An employee is totally and permanently disabled when he is unable to make some contribution sufficient to justify payment of wages. (Consolidated Freightways, Inc. v. Industrial Com. (1976), 64 Ill. 2d 312, 356 N.E.2d 51.) A compensation petitioner has the burden of proving by a preponderance of the evidence the extent and permanency of his injury. (A.M.T.C. of Illinois, Inc. v. Industrial Com. (1979), 77 Ill. 2d 482, 397 N.E.2d 804.) Causation and the permanency and degree of disability are issues of fact for the Commission; the Commission’s award will be set aside only if it is against the manifest weight of the evidence. Republic Steel Corp. v. Industrial Com. (1962), 26 Ill. 2d 32, 185 N.E.2d 877; Wallace v. Industrial Com. (1983), 98 Ill. 2d 33, 455 N.E.2d 92.

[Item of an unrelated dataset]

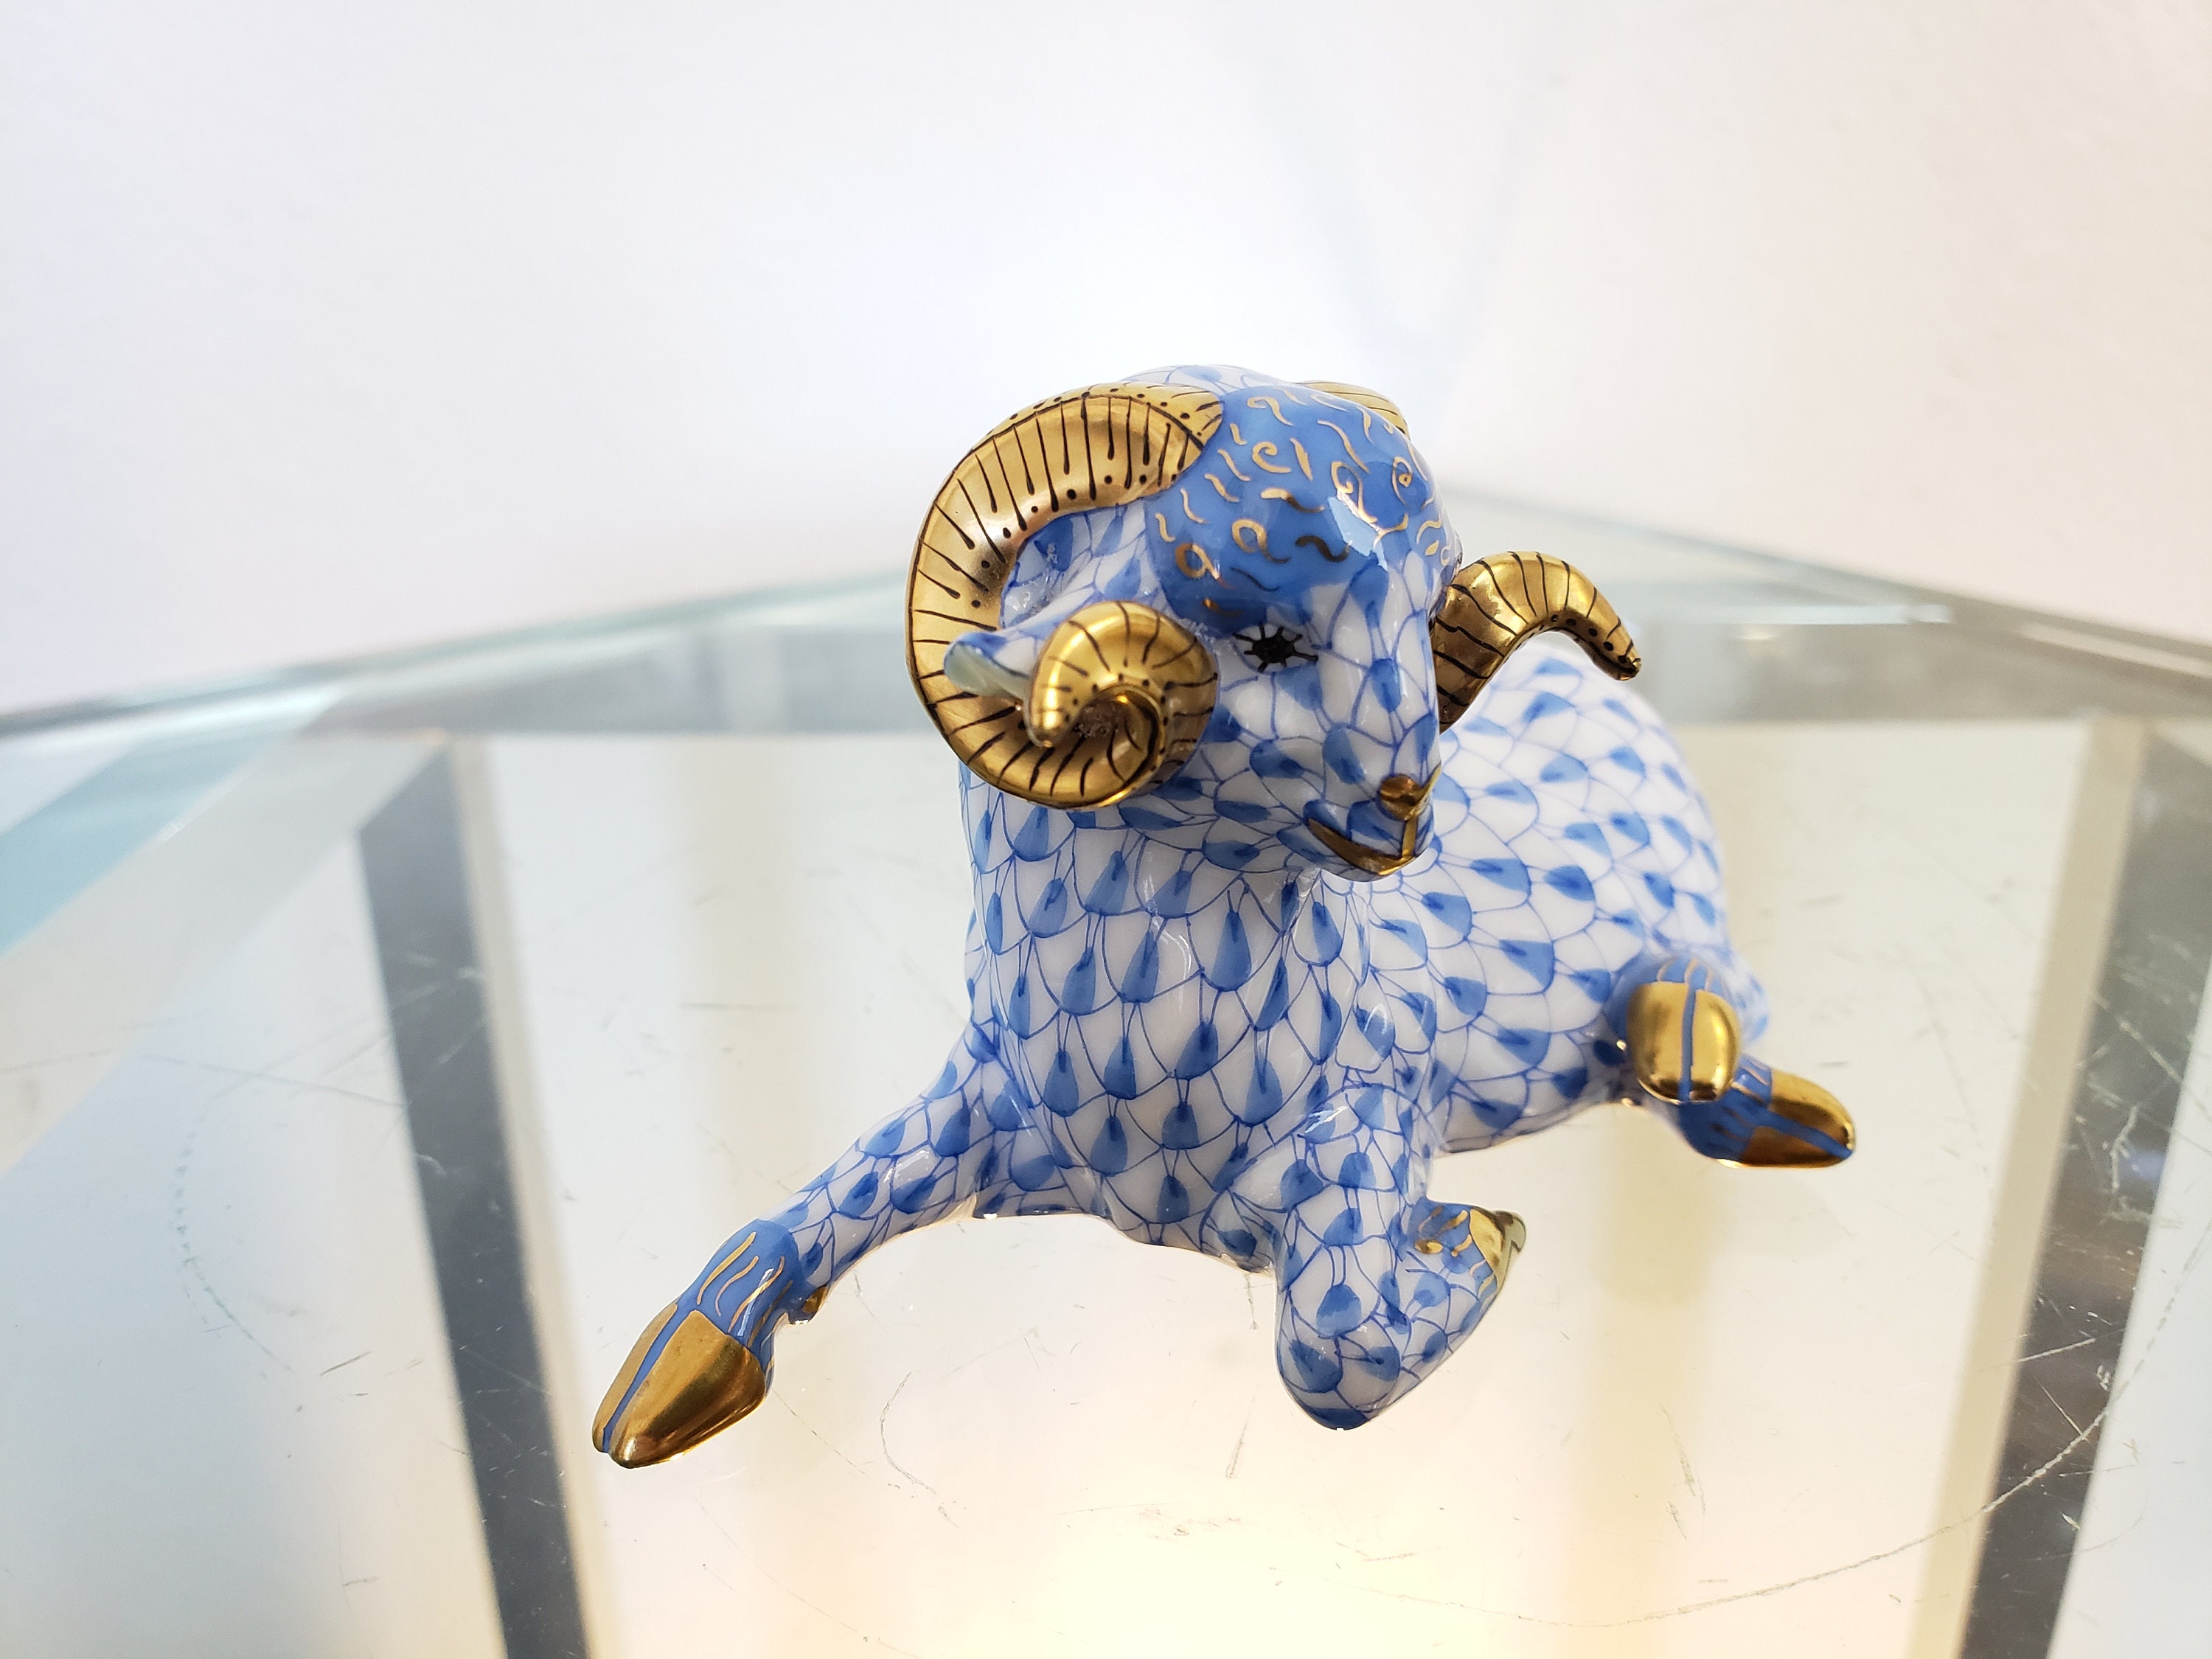 Herend Fishnet Ram Sheep/Blue Porcelain Of Hungary Luxury Gifts 24K Gold Accents Vintagesouthwest
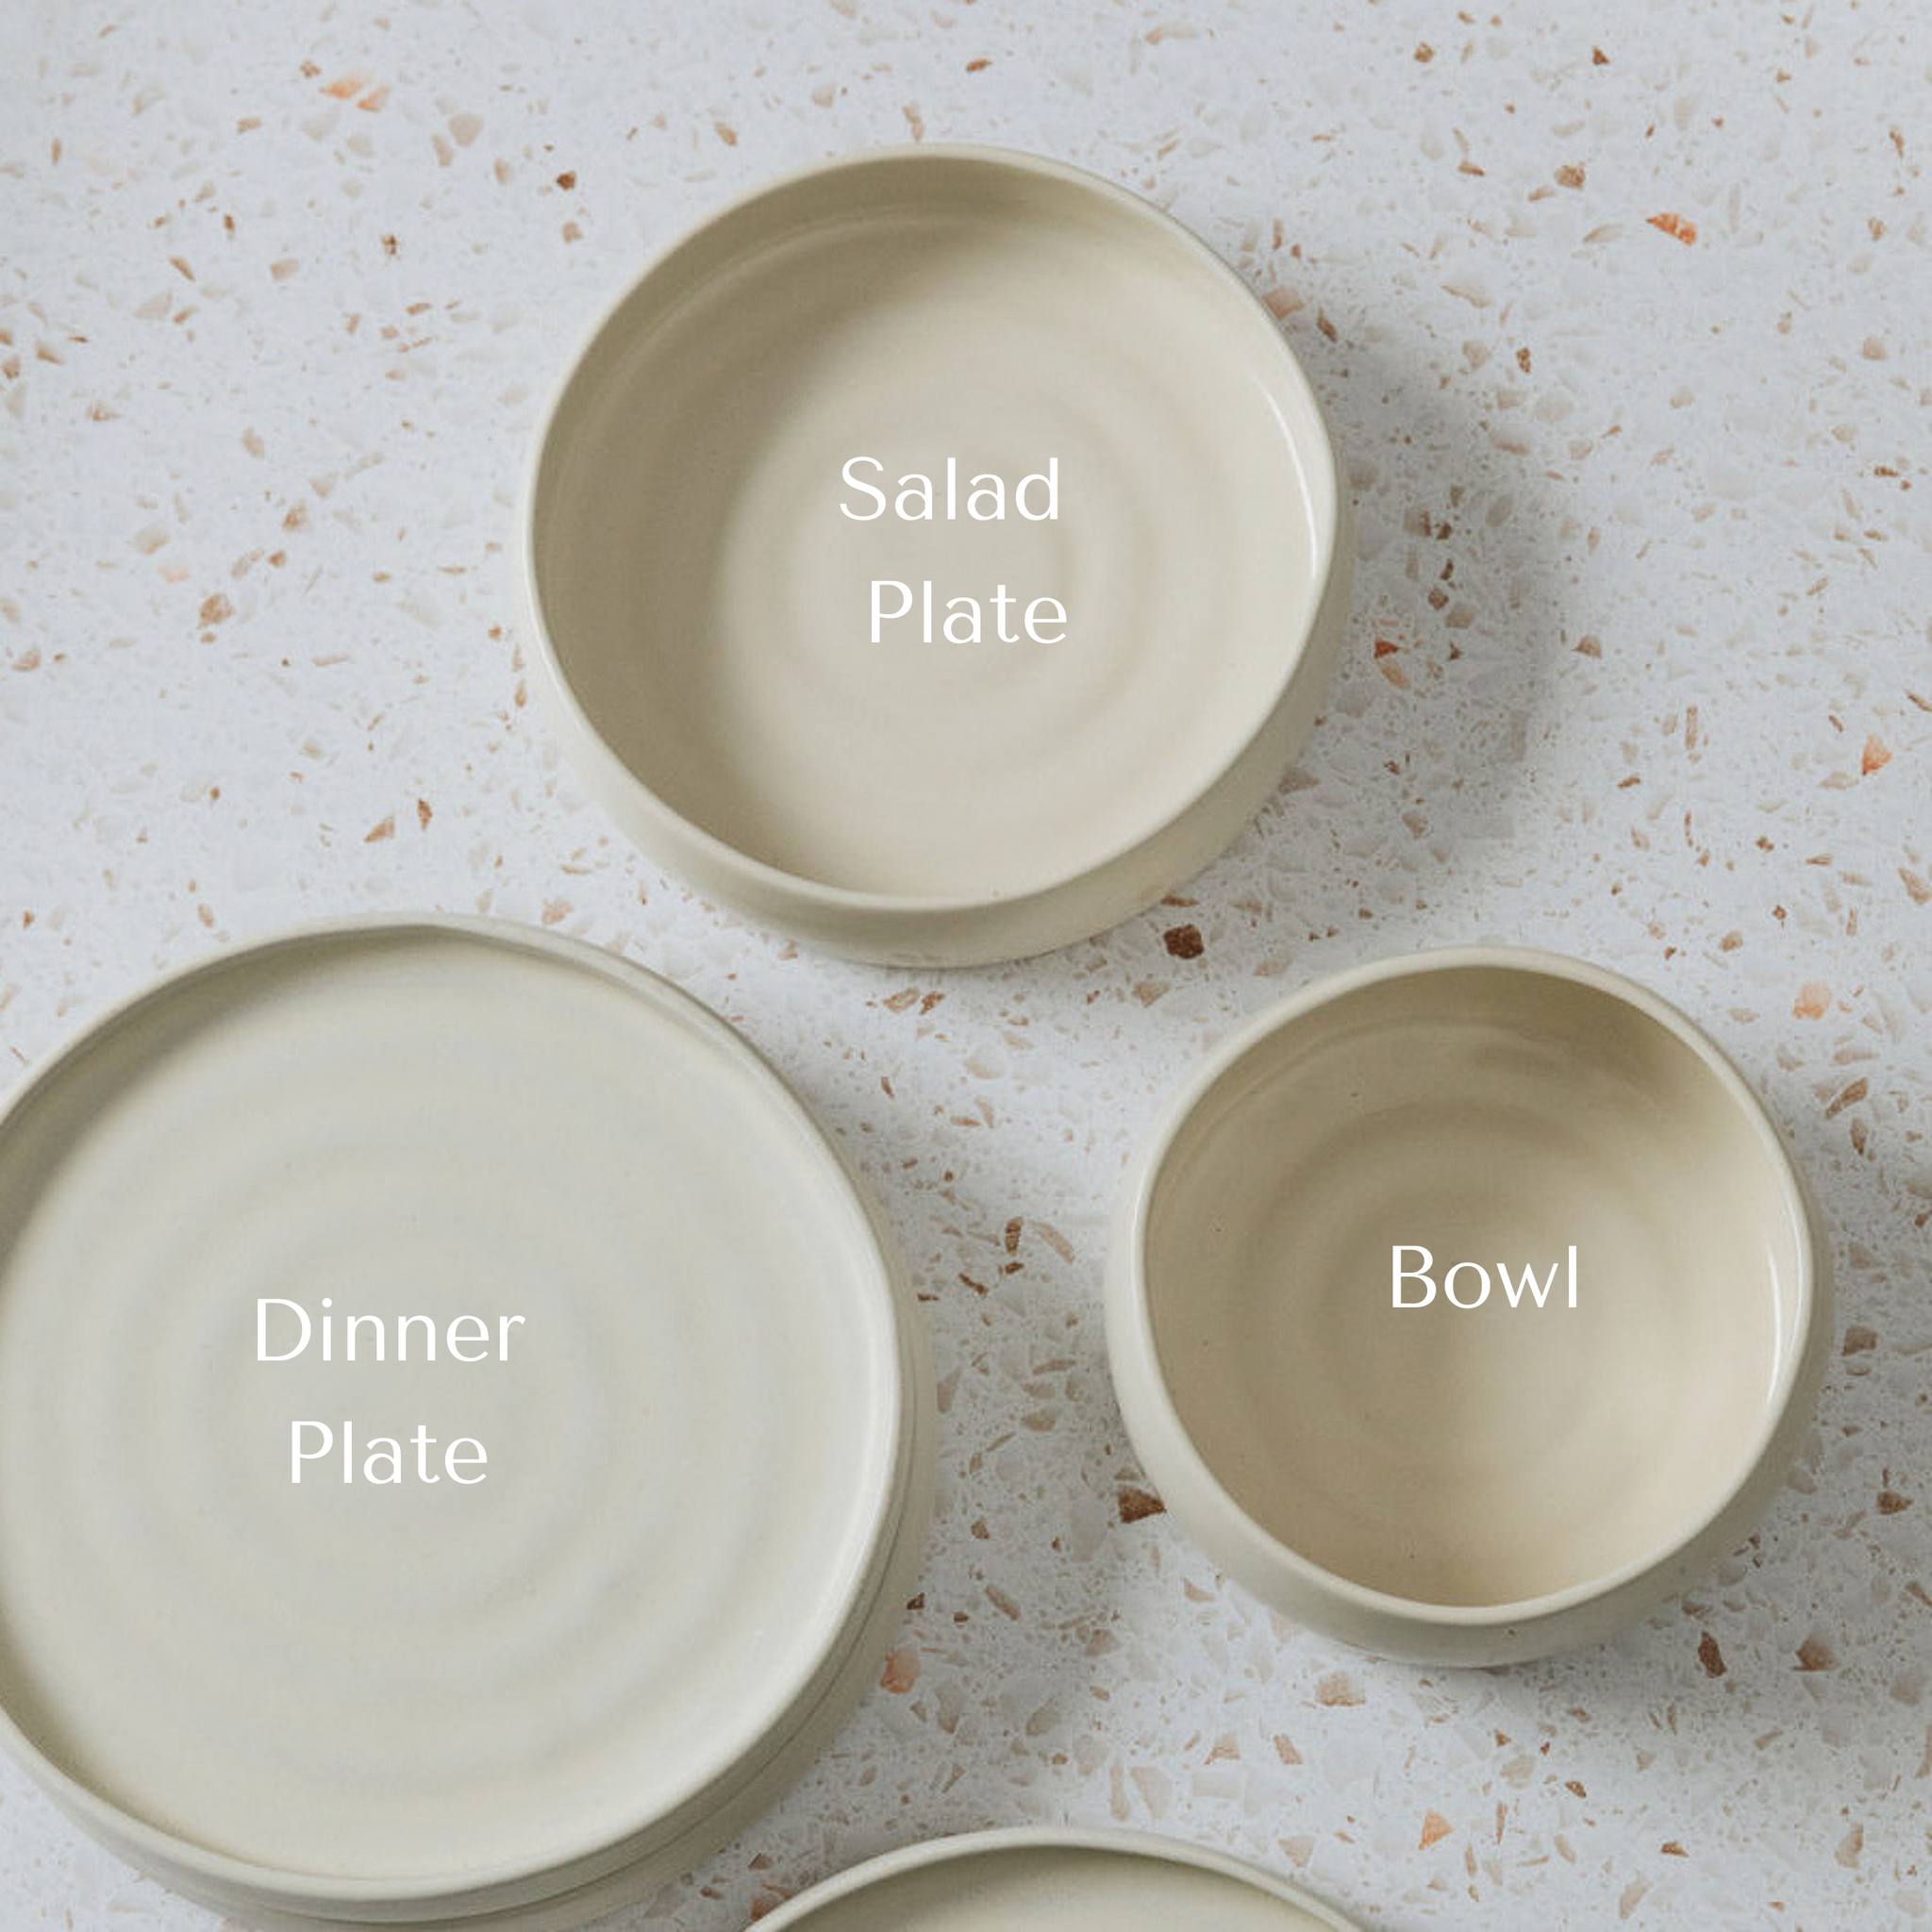 A set of ceramic dishes including a salad plate, dinner plate and bowl.

The instant record includes the opinion of Dr. Cobb, one of the petitioner’s principal treating physicians, that there was a causal connection between the petitioner’s accident and his instant long-term condition. Dr. Cobb further opined that the petitioner’s injuries are permanent and that the petitioner would not become able either to stand or walk for long time periods or to bend, lift, or climb. The record also includes evidence that the petitioner has only a ninth grade education and only manual laborer experience. The evidence is sufficient to support the Commission’s conclusions as to both causation and total, permanent disability.

Based on the foregoing, we affirm the judgment of the circuit court of St. Clair County.

Affirmed.

McNAMARA, WOODWARD, McCULLOUGH, and KASSERMAN, JJ., concur.